萧黎侧卧在晋棠身边,手臂依旧稳稳环着他的腰身,见他睁眼, 唇角便向上扬起:“醒了?有没有不舒服?”
晋棠在萧黎怀里动了动, 感受着四肢百骸流转的充沛力量, 以及腰间那点恰到好处的酸软, 脸颊微微发热,摇了摇头:“不难受,好得很。”
他顿了顿, 指尖戳了戳萧黎硬邦邦的胸膛:“倒是王叔, 一夜没怎么合眼吧?”
萧黎捉住晋棠作乱的手指,送到唇边吻了吻:“看着陛下安睡,臣心中安稳,不觉困倦。”
这话说得真诚, 晋棠心口一甜,却又涌起更多心疼。
他反握住萧黎的手, 正色道:“从今日起, 不许再这般熬着, 你要陪我长长久久, 得先把身子养好。”
萧黎眼中笑意更深, 顺从应道:“臣遵旨。”
两人又依偎着说了会儿话, 殿外传来王忠刻意放轻的咳嗽声, 提醒时辰。
晋棠这才想起正事, 从萧黎怀中坐起, 墨发披散在肩头,衬得那张焕然新生的脸庞愈发清俊明亮。
“王忠。”晋棠扬声唤道。
王忠立刻应声推门进来,脸上是掩不住的喜气,见晋棠神采奕奕地坐在床边,萧黎也起身侍立在侧,连忙躬身:“陛下,殿下。”
“传朕口谕。”晋棠声音清朗,带着不容置疑的力度,“朕已苏醒,身体康健,今日便恢复早朝,着令文武百官,按制入宫觐见,还有……”
他目光转向萧黎,两人视线交汇,彼此了然。
“将朕苏醒的消息散出去,不止要让百官知道朕醒了,天牢里关着的那些人也得知道,告诉他们朕没死,朕生龙活虎,好得很。”
王忠瞬间明白了晋棠的用意。
那些在狱中每日诅咒陛下早死的人,若是得知陛下不仅没死,反而一扫病容,精神矍铄地重掌朝纲,该是何等精彩的表情?

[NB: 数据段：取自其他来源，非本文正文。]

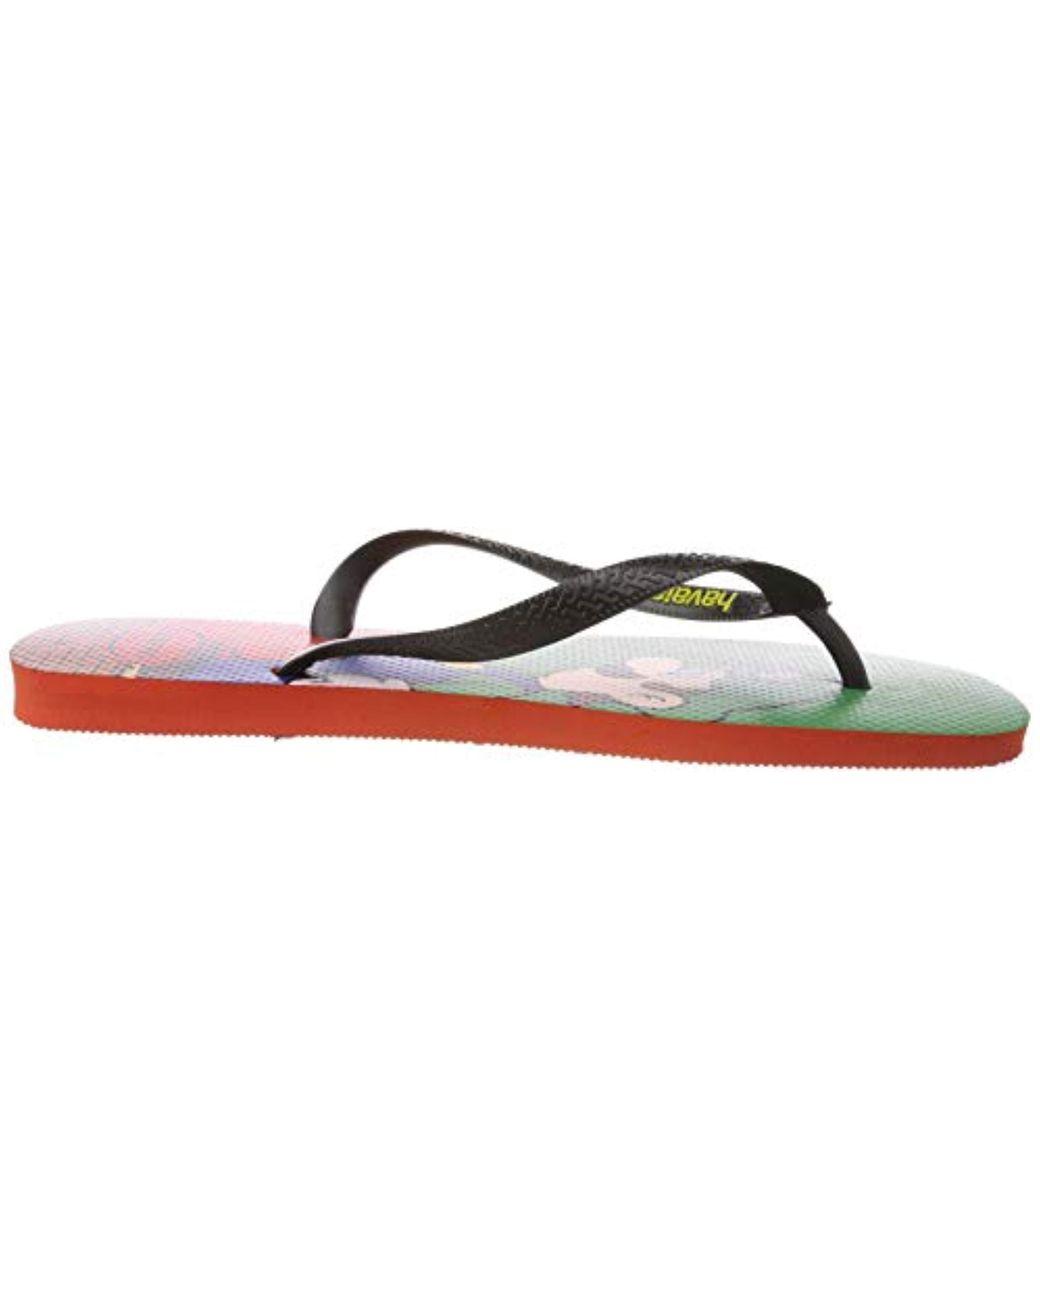 Havaianas Mario Bros Unisex Rubber Sandal In Multi Colo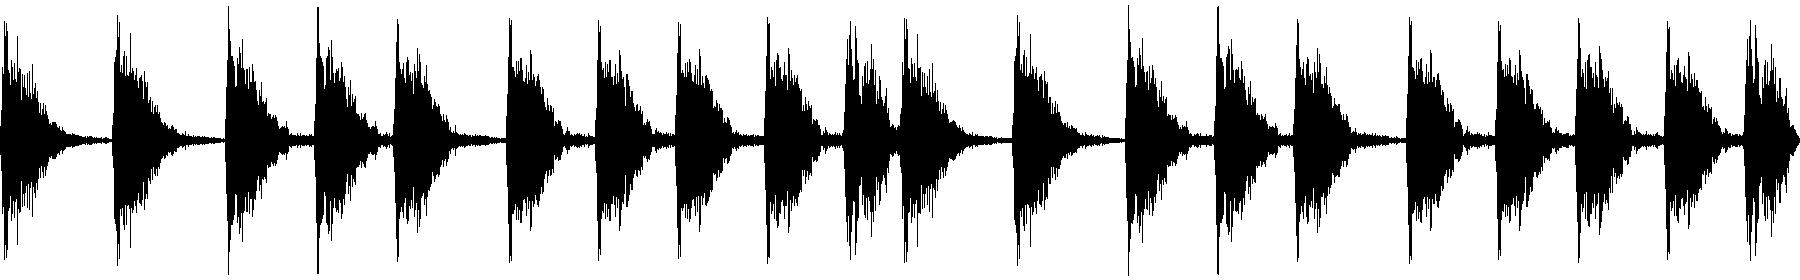 vedh melodyloop 060 cm9 dm9 fm9 120bpm

“老奴明白!”王忠声音都激动得发颤,“老奴这就去办,保管让该知道的人,一个不落,全都知道!”
王忠退下后,萧黎亲自服侍晋棠更衣。
今日要上朝,穿的是正式的玄端朝服。
十二章纹的深青缯衣,以五色丝线绣出日月星辰、山龙华虫,腰束金玉革带,悬挂组,头戴十二旒白珠冕冠,垂下的玉藻轻轻晃动,遮住了晋棠过于年轻的眉眼,却掩不住那份由内而外焕发出的威严与气度。
萧黎自己也换好了衣服,两人并肩立于镜前,镜中映出两道同样出色却又气质迥异的身影。
晋棠看着镜中忽然轻笑:“王叔,你看,我们这般站在一起,是不是很般配?”
萧黎目光落在镜中晋棠带笑的侧脸上,心中软成一片,低声道:“是,再般配不过。”
时辰将至,两人一同走出寝殿。
晨光熹微,洒在宫殿巍峨的飞檐和洁净的御道上。
沿途宫人内侍见到皇帝与摄政王并肩而行,无不屏息垂首,心中却掀起惊涛骇浪。
陛下真的好了!而且气色精神,竟是前所未见的好
太极殿前,文武百官早已按品级肃立。
许多人脸上还带着惊疑不定的神色,显然已经听说了皇帝苏醒并要恢复早朝的消息,但未经亲眼证实,总觉难以置信。
尤其是那些心中曾有鬼蜮,或与杨氏牵连过深、这些日子过得提心吊胆的官员,更是面色发白,眼神游移。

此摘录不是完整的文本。